START RAW DATA
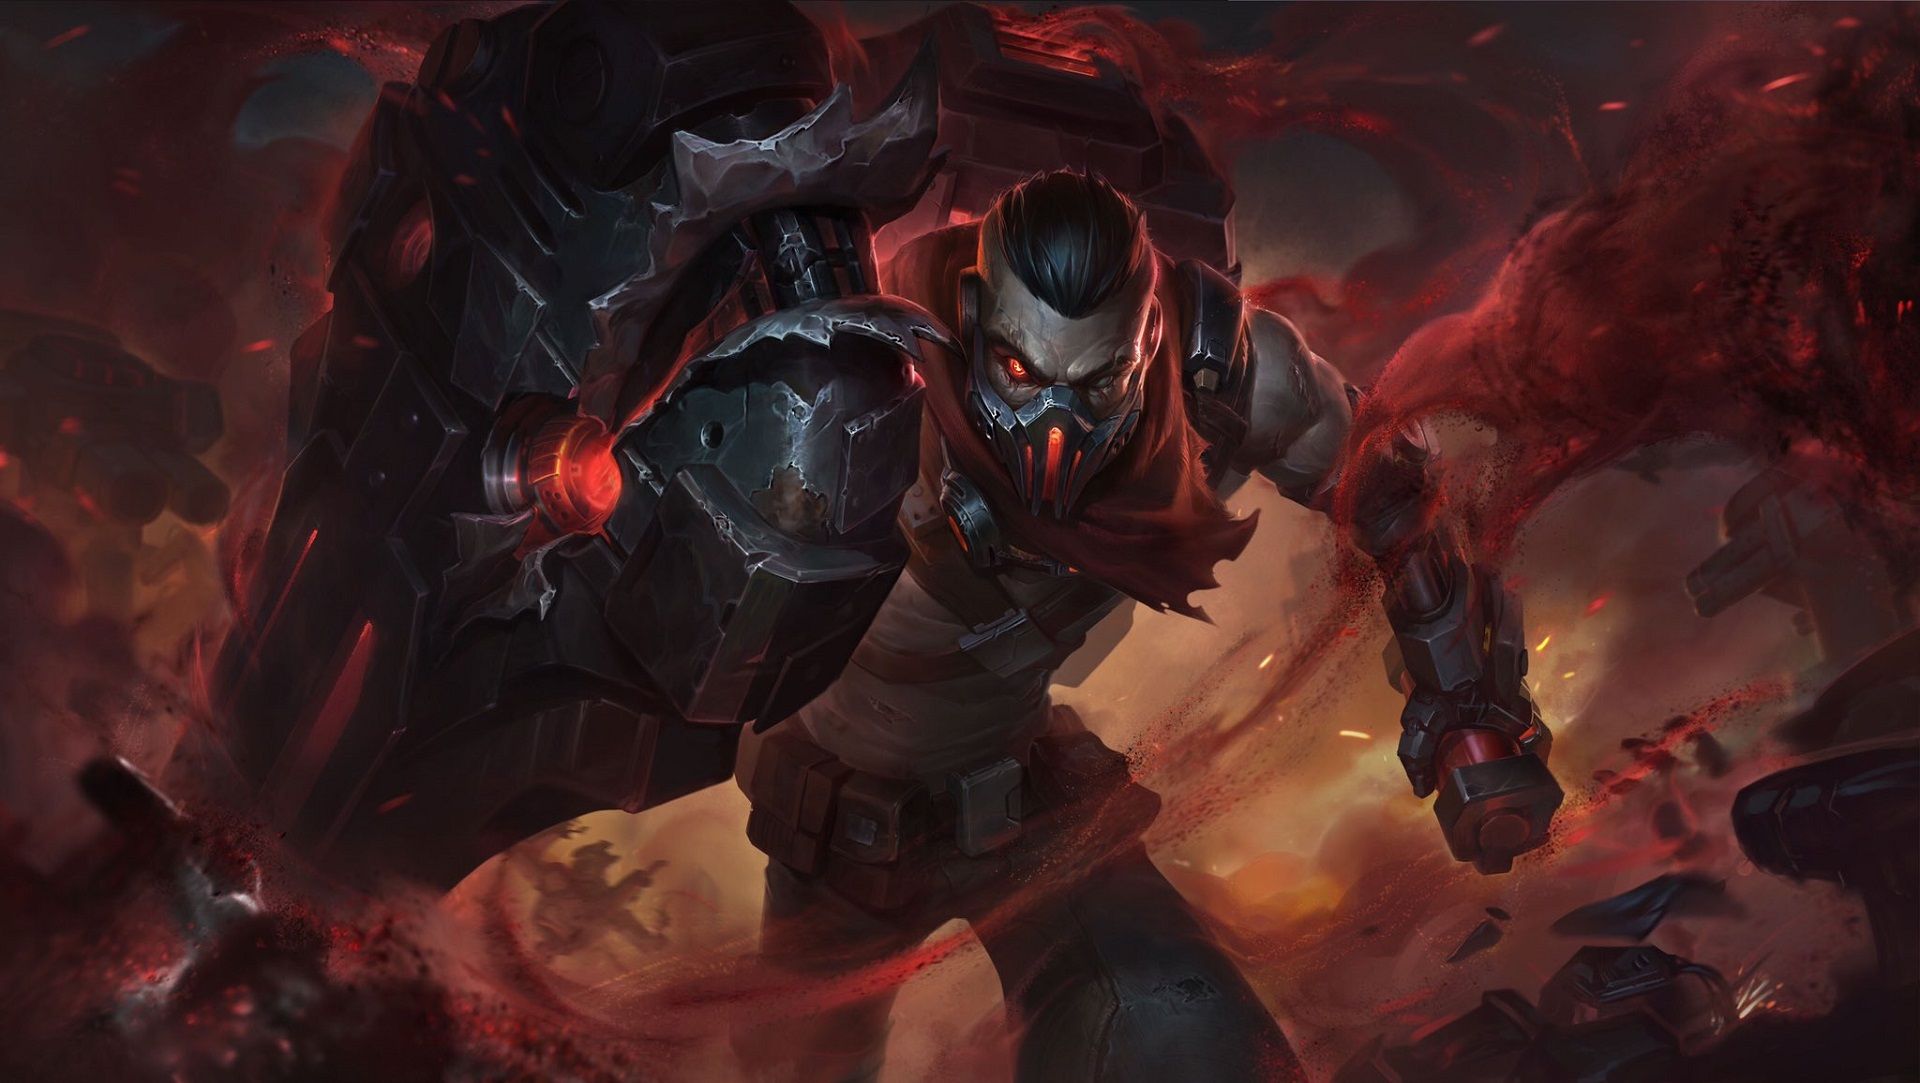 Resistance Yorick, Singed, Jayce Wallpapers (Full HD splash arts): League of Legends (Drawing by Riot Games)
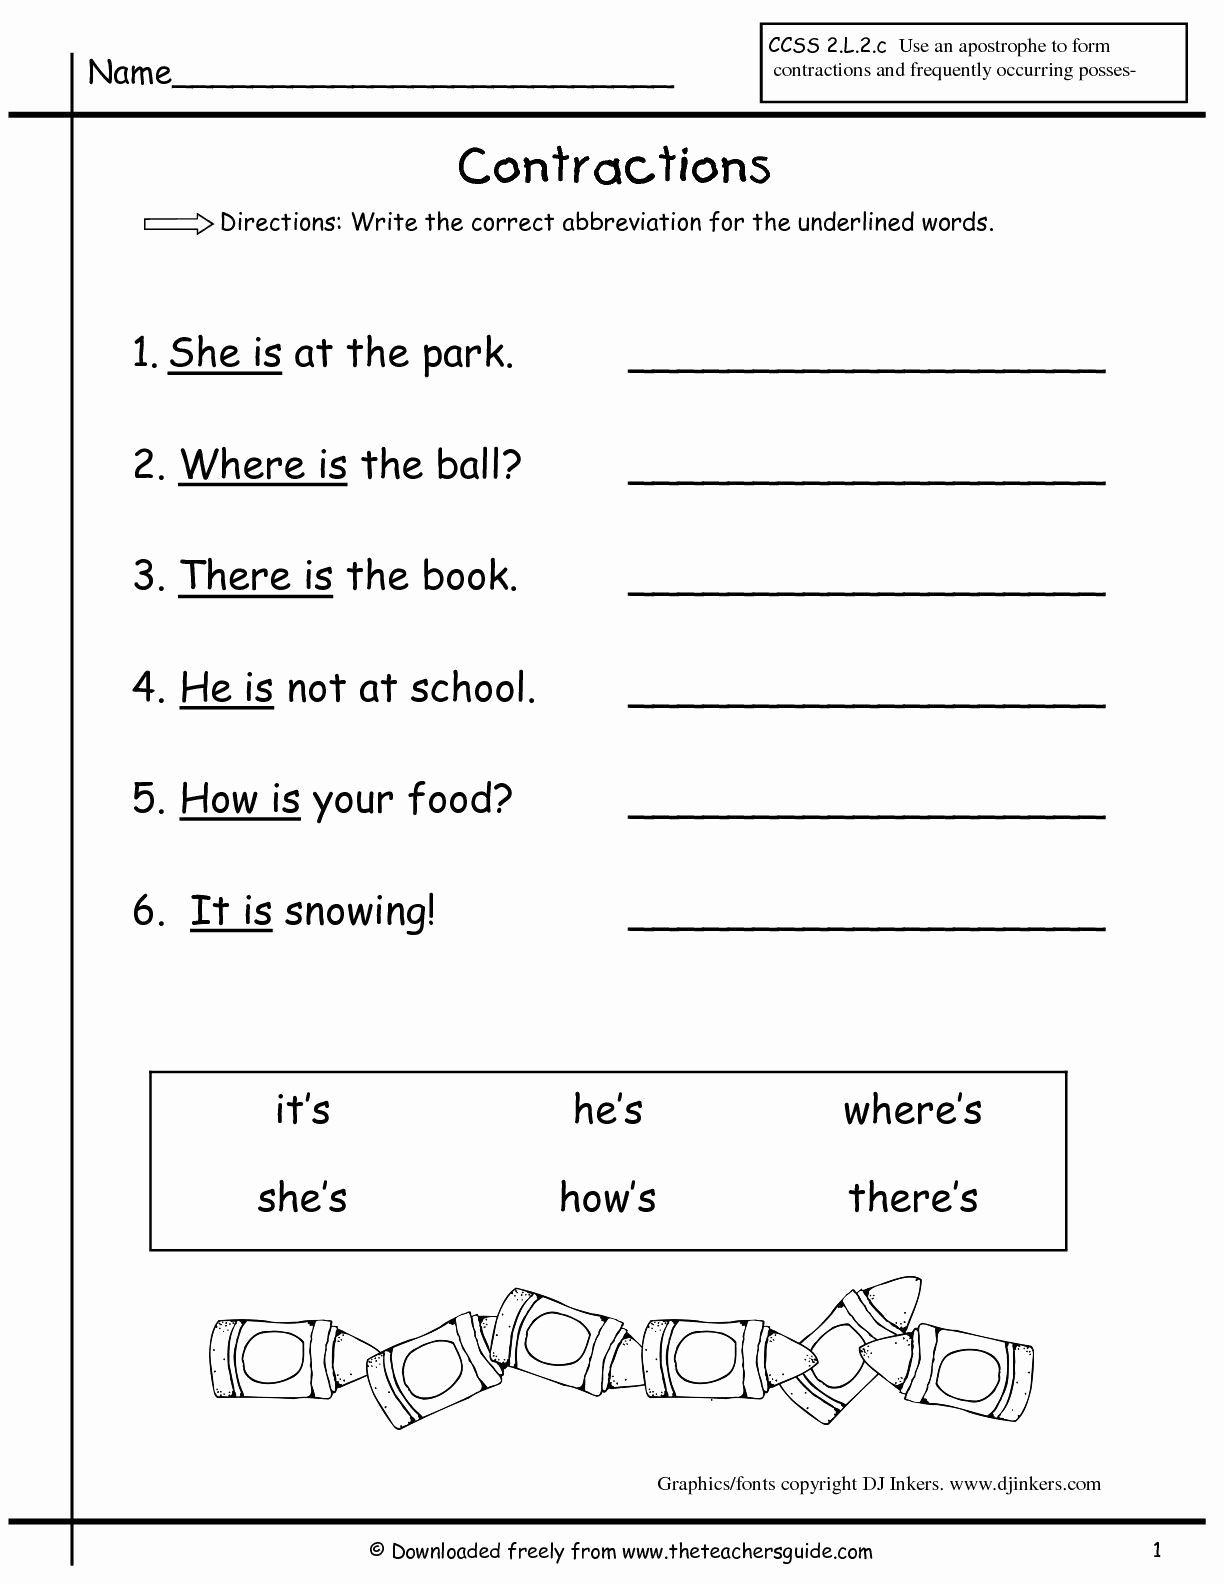 Second Grade Science Worksheets Free Second Grade Science Worksheets
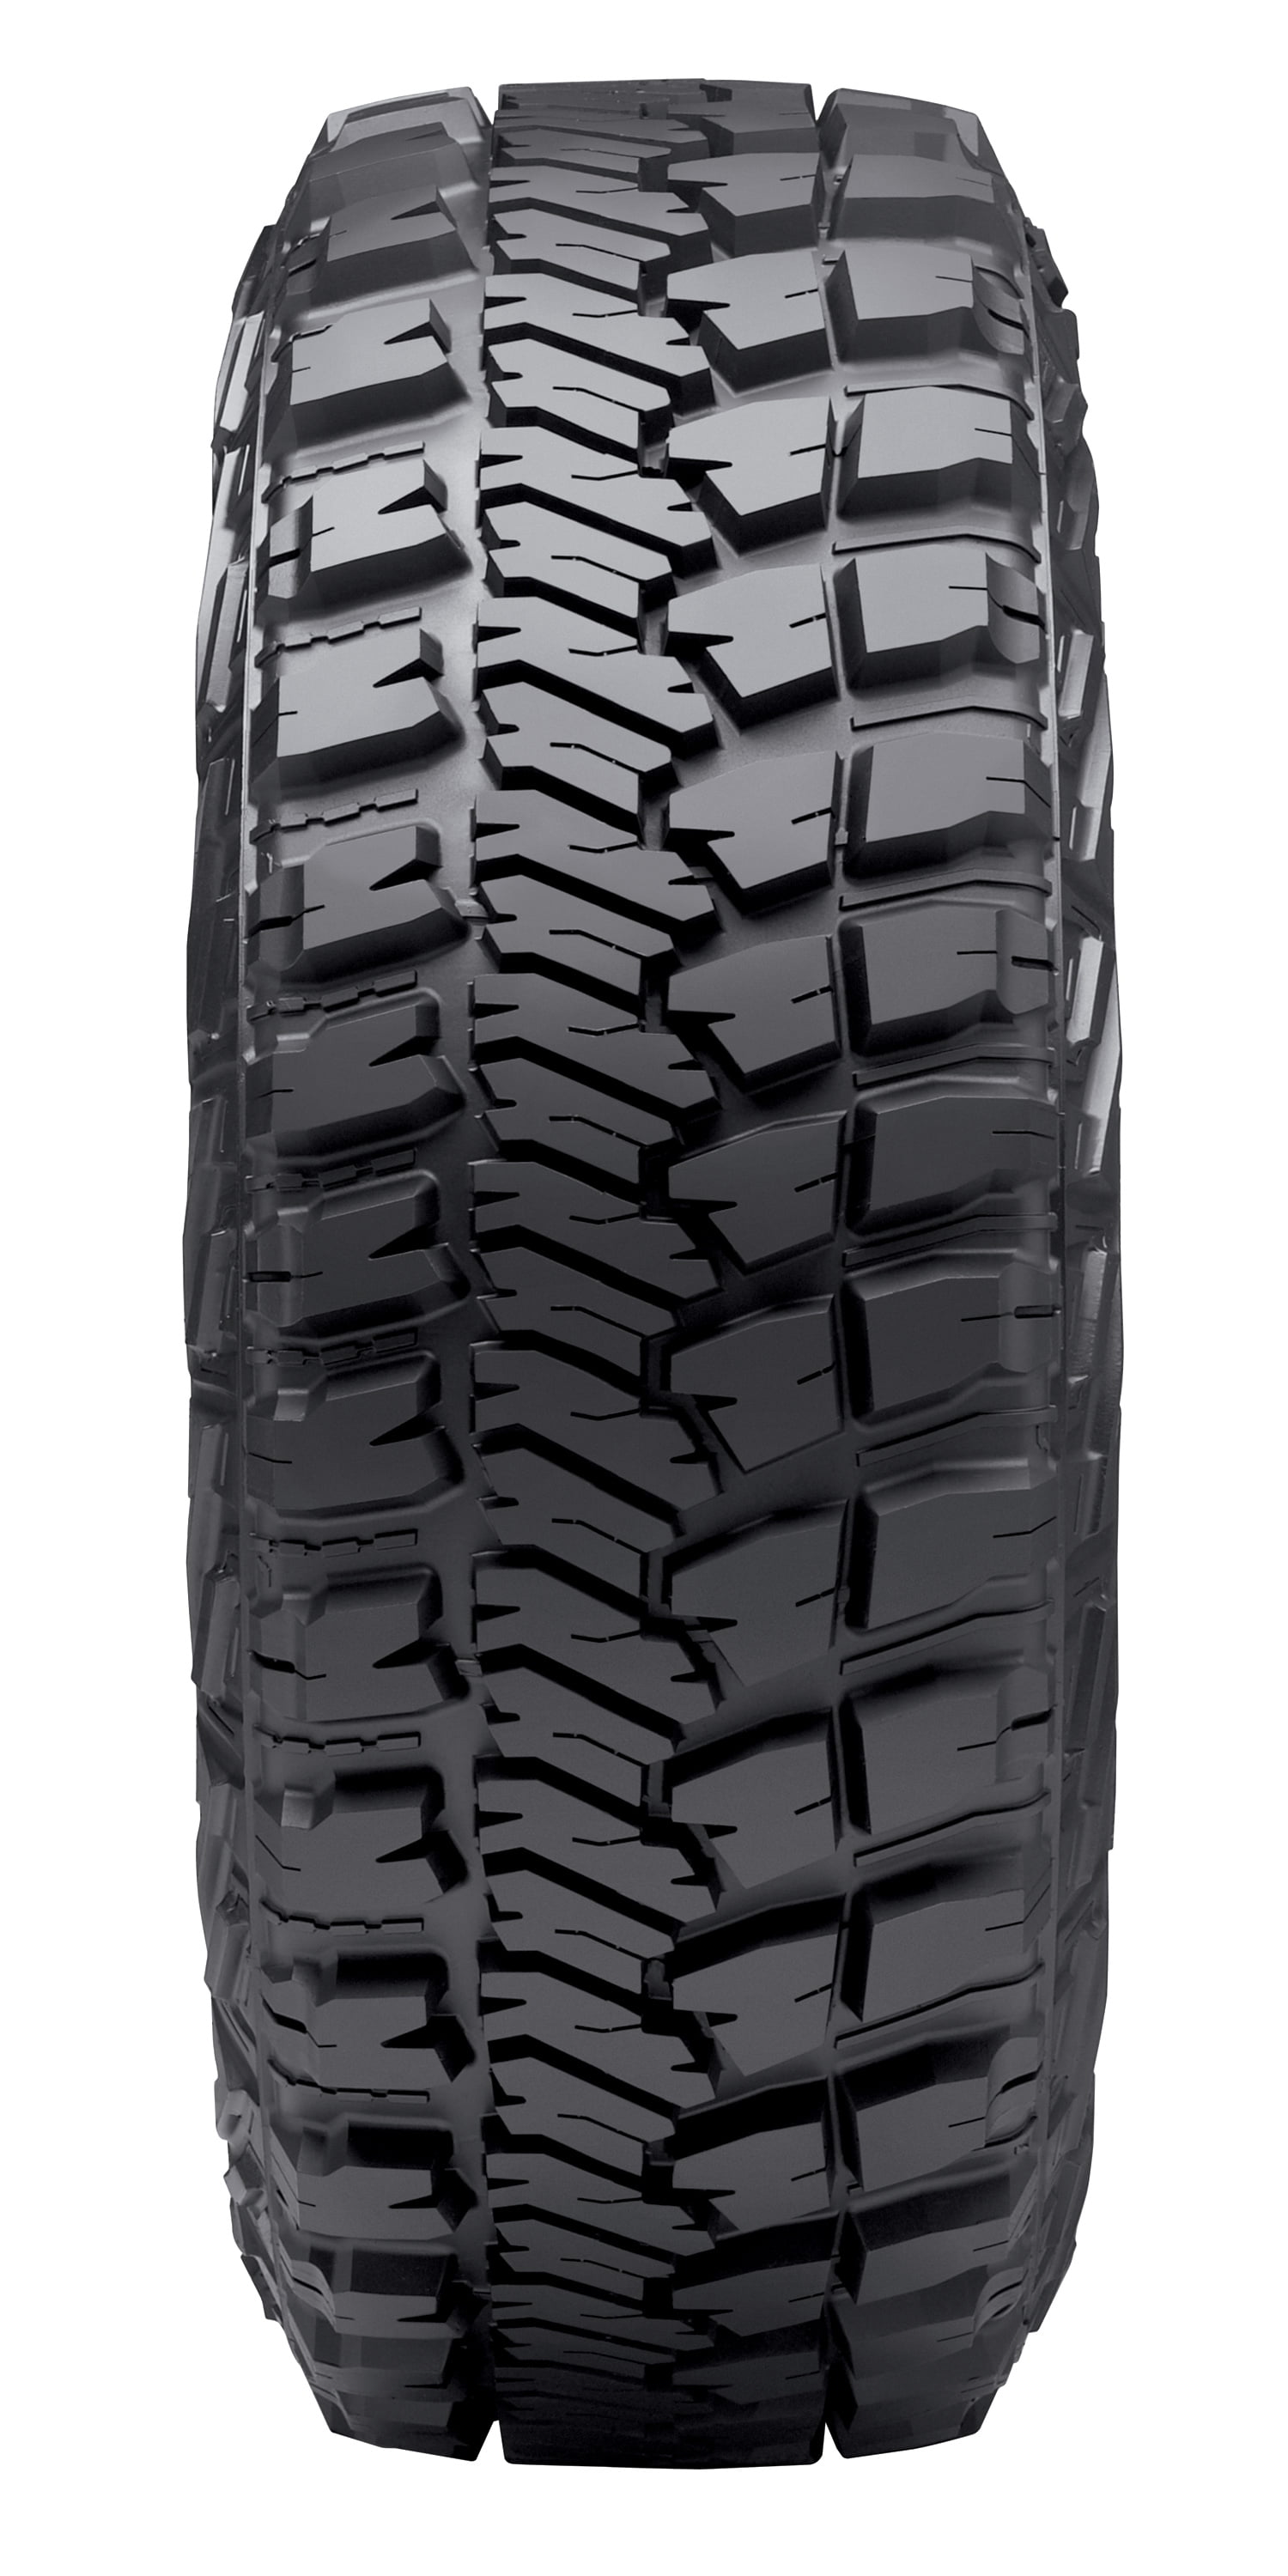 Goodyear Wrangler MT/R With Kevlar LT  Load C 6 Ply M/T Mud Tire
END RAW DATA
=== THE PROBLEM ===
Copy the data above line for line, skipping every picture.

=== RESULT OF THE EXERCISE ===
 Resistance Yorick, Singed, Jayce Wallpapers (Full HD splash arts): League of Legends (Drawing by Riot Games)
 Second Grade Science Worksheets Free Second Grade Science Worksheets
 Goodyear Wrangler MT/R With Kevlar LT  Load C 6 Ply M/T Mud Tire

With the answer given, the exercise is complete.